Jut pointing out that it really isn't an "IF" they win. They won, short of a miracle. What we all need to do is stop supporting this "rigged election" crap and all of the negative rhetoric. It is only demoralizing and dissuading Georgia voters for voting in the most important Senate races I can remember. If we keep 1 seat, we stop the insanity. If we keep 2 seats, that helps.

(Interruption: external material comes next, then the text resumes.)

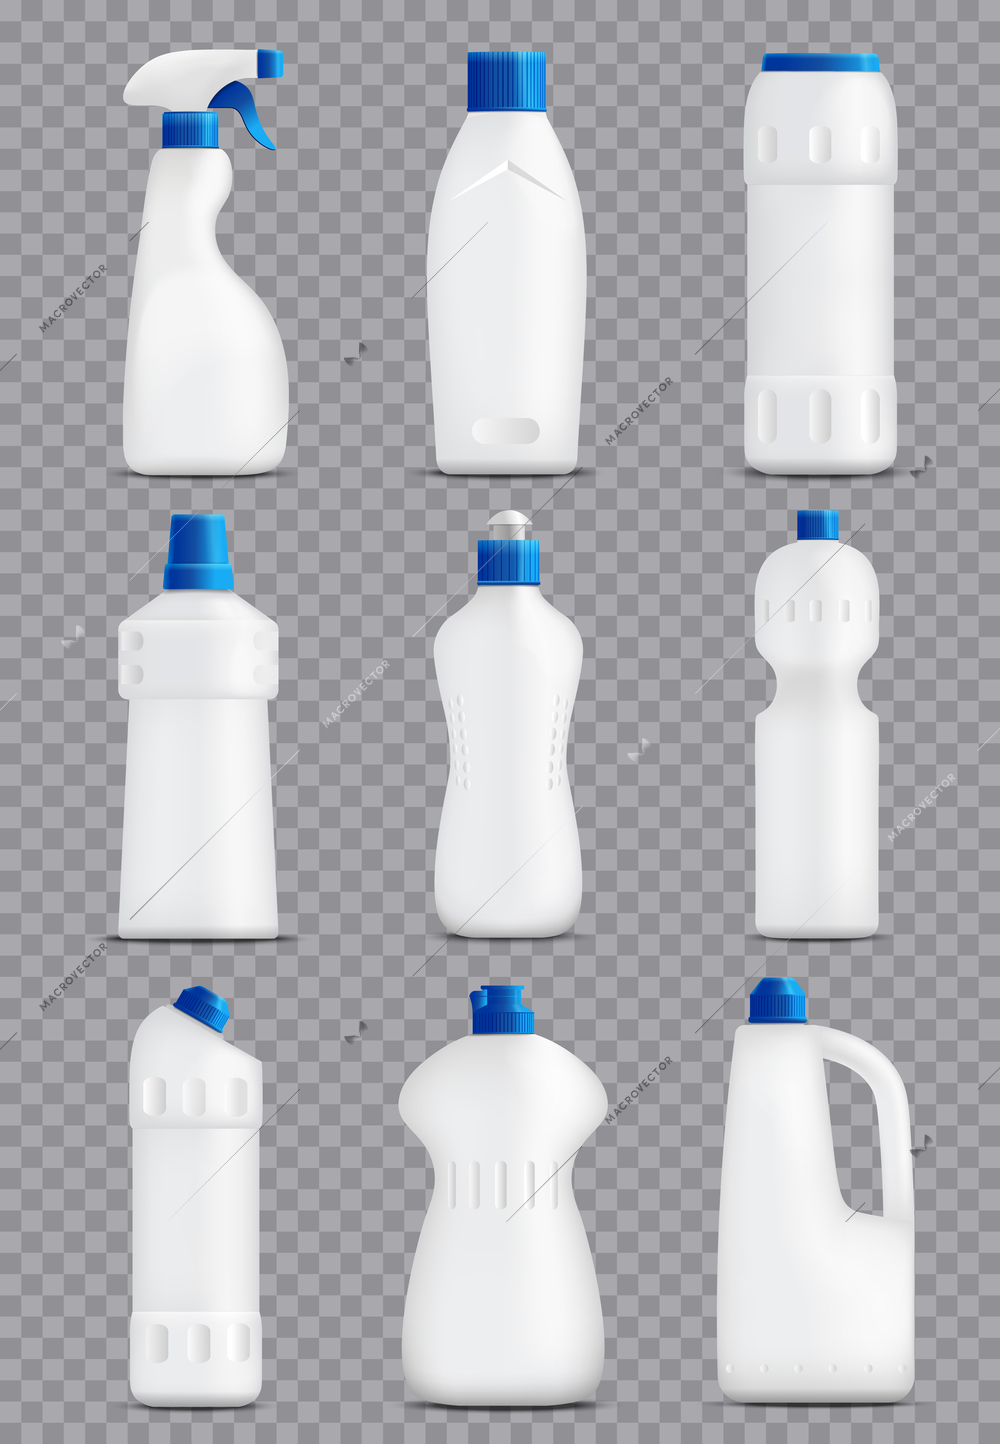 Detergent bottles realistic set of plastic packaging shapes for household chemicals with different pump caps vector illustration

Now back to the SKS topic. I love mine.


----------



## stevekozak (Oct 4, 2015)

jeffh said:


> Jut pointing out that it really isn't an "IF" they win. They won, short of a miracle. What we all need to do is stop supporting this "rigged election" crap and all of the negative rhetoric. It is only demoralizing and dissuading Georgia voters for voting in the most important Senate races I can remember. If we keep 1 seat, we stop the insanity. If we keep 2 seats, that helps.
> 
> Now back to the SKS topic. I love mine.


Giving up is not what I do. Quitters quit. Losers lose. People who surrender are subject to subjugation. I'm not doing that. I don't think President Trump is into it either....

And on the subject of SKSs, they are viable weapons.


----------



## Wedrownik (Sep 22, 2020)

I got a Russian SKS.... Decent rifle, definitely better then nothing but it is short range and that ammo is scarce for it. Unless you live someplace that used the ammo and there was opportunity to buy it as it fell of a truck, I'd come up with a new plan


----------



## Smitty901 (Nov 16, 2012)

Main reasons to own SKS at least in the past. Ammo was cheap and lots of it and I do mean cheap 7.62X39 flowed in from all over the world. All you wanted any time. The weapons could be had on any budget. They are pretty simple to operate.
That has all changed. 7.62x39 is as limited now as any ammo. The cost is extremely high . The weapons have gone up many times what they could be had for. Today I would not go out and buy an SKS. But I would also never sell the ones I have.
But contrary to a lieing DA. With an agenda I have never sold a weapon anyway and never will.


----------



## CapitalKane49p (Apr 7, 2020)

Got a 1952 Tula Russian tough dependable and ammo is still relatively cheap. 1500 rds for about 300 USD up here. Corrosive so a good clean is requite after a range day. Millions were made an like anything good knock offs complement its design quality. Not the most accurate but it'll get the job done. Whenever somebody new to shooting asks what they should get I recommend on of these as it won't blow the budget. Although with the recent commie ban of ARs etc. up here the prices did jump a bit.

Godspeed


----------



## marineimaging (Jun 1, 2013)

SKS karbine said:


> Would you consider using an SKS for a SHTF scenario or an apocalypse?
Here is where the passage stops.